*TASK BRIEF:* Return an exact copy of the data, starting at its first line and ending at the line that contains "Un monolocale ampliato", minus any pictures.

*DATA PROVIDED:*
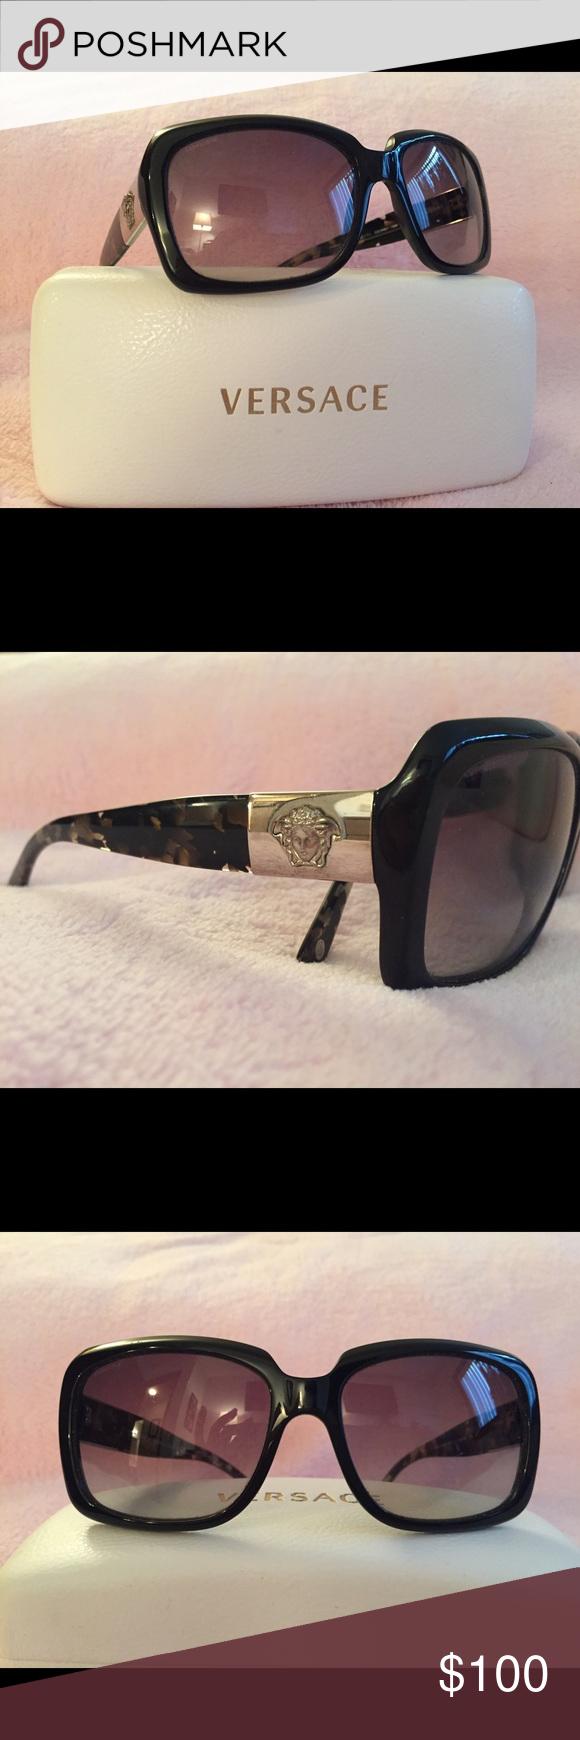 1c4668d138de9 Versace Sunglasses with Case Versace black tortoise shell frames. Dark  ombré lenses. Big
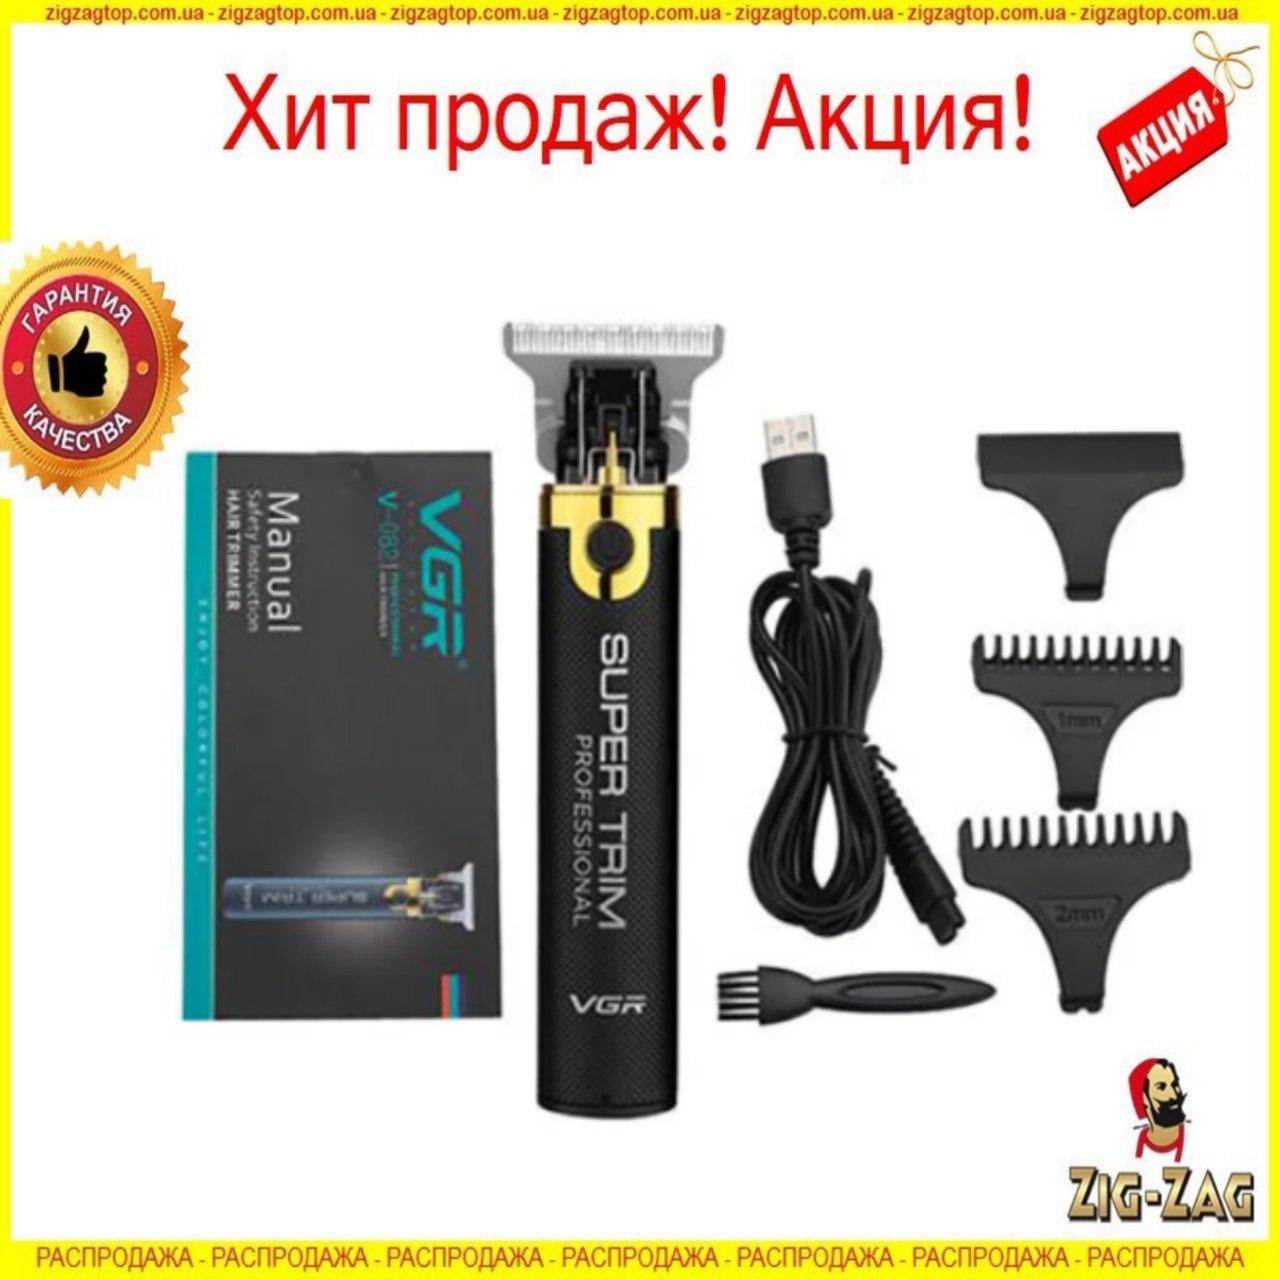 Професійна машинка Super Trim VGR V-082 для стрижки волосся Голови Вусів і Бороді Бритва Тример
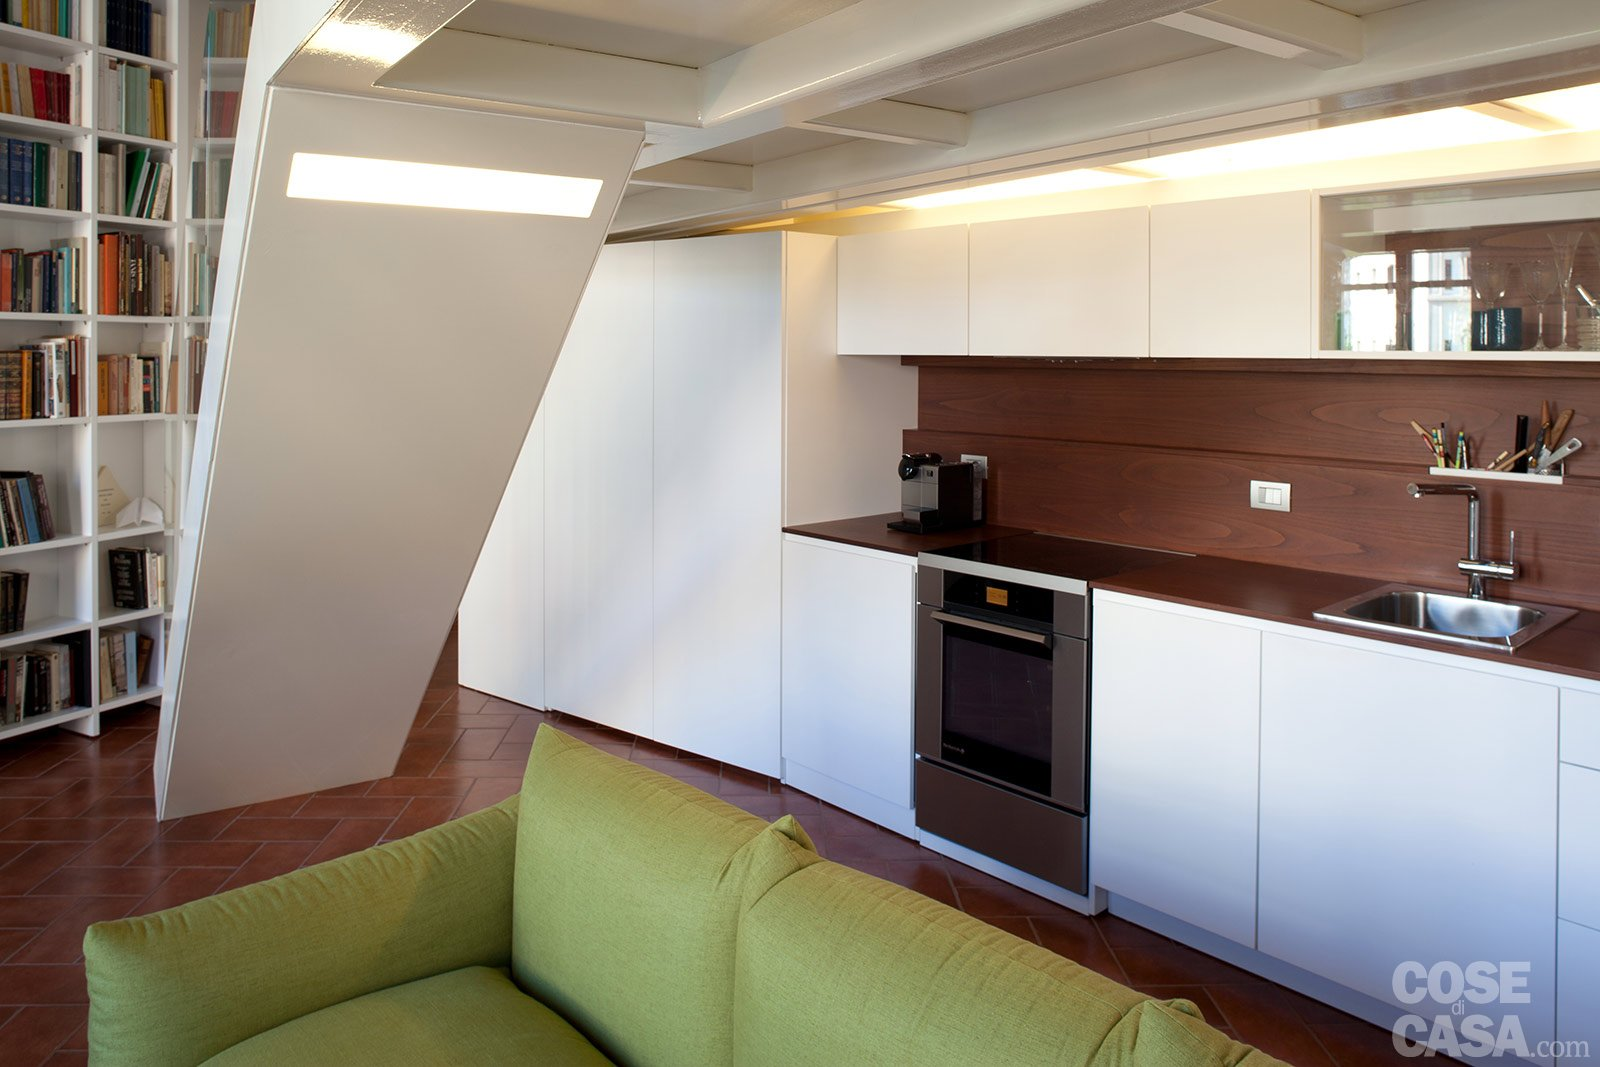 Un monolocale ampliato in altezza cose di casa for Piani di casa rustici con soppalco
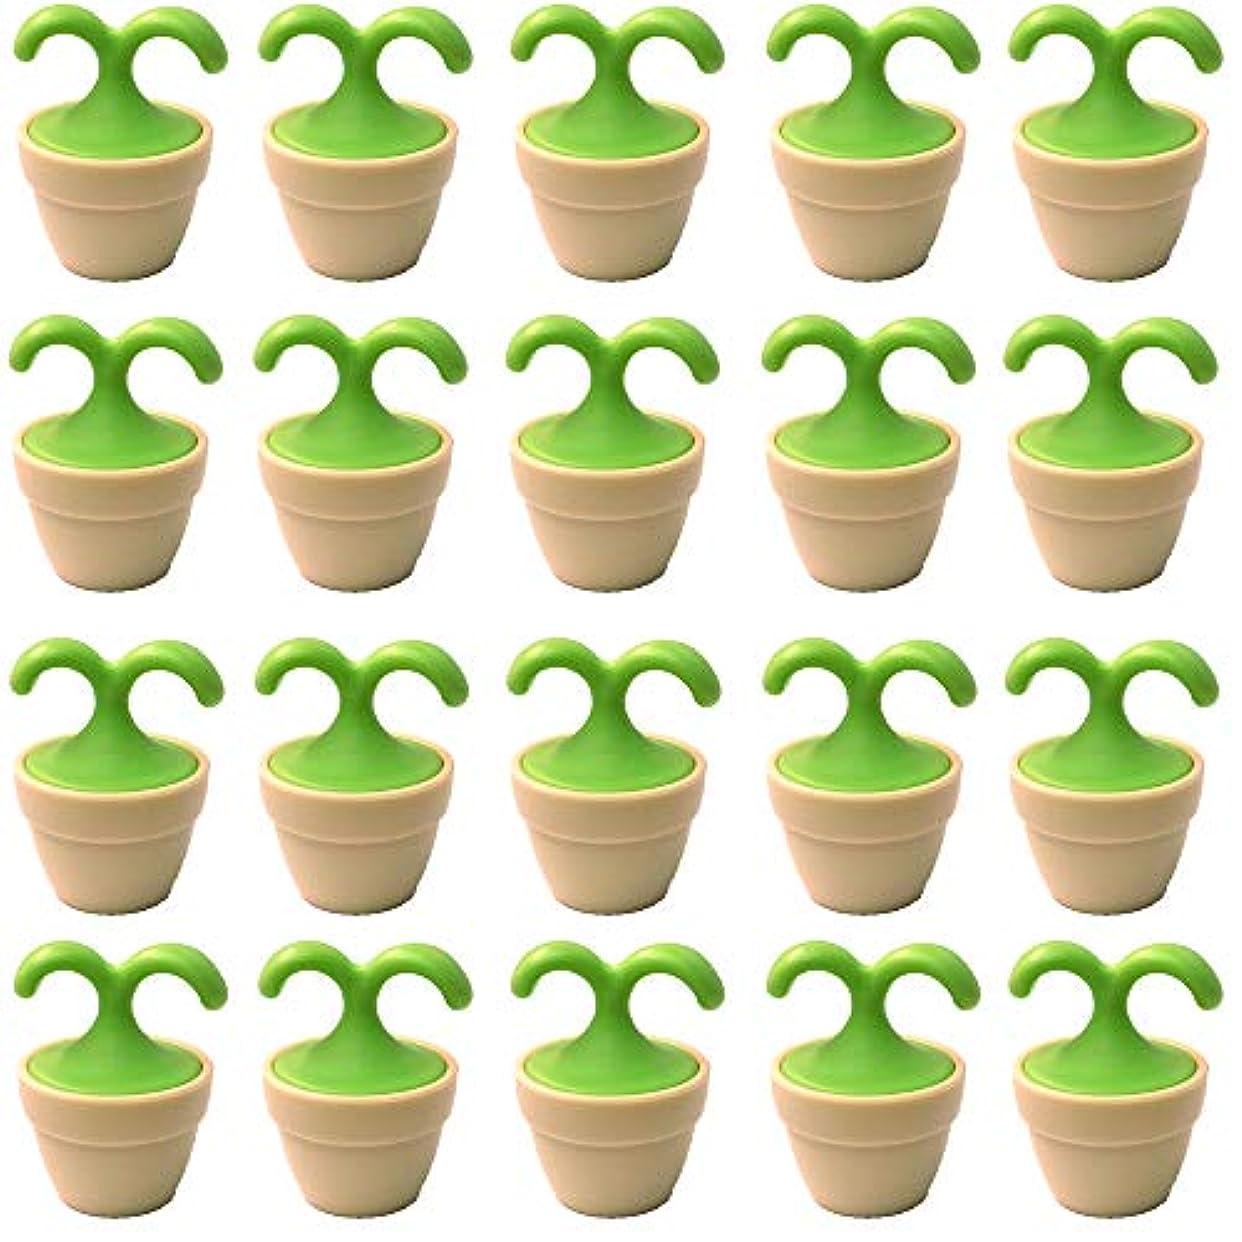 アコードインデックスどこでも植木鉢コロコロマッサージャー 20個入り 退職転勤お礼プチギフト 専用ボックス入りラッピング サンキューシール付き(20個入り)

*EXPECTED ANSWER:*
 1c4668d138de9 Versace Sunglasses with Case Versace black tortoise shell frames. Dark  ombré lenses. Big
 Професійна машинка Super Trim VGR V-082 для стрижки волосся Голови Вусів і Бороді Бритва Тример
 Un monolocale ampliato in altezza cose di casa for Piani di casa rustici con soppalco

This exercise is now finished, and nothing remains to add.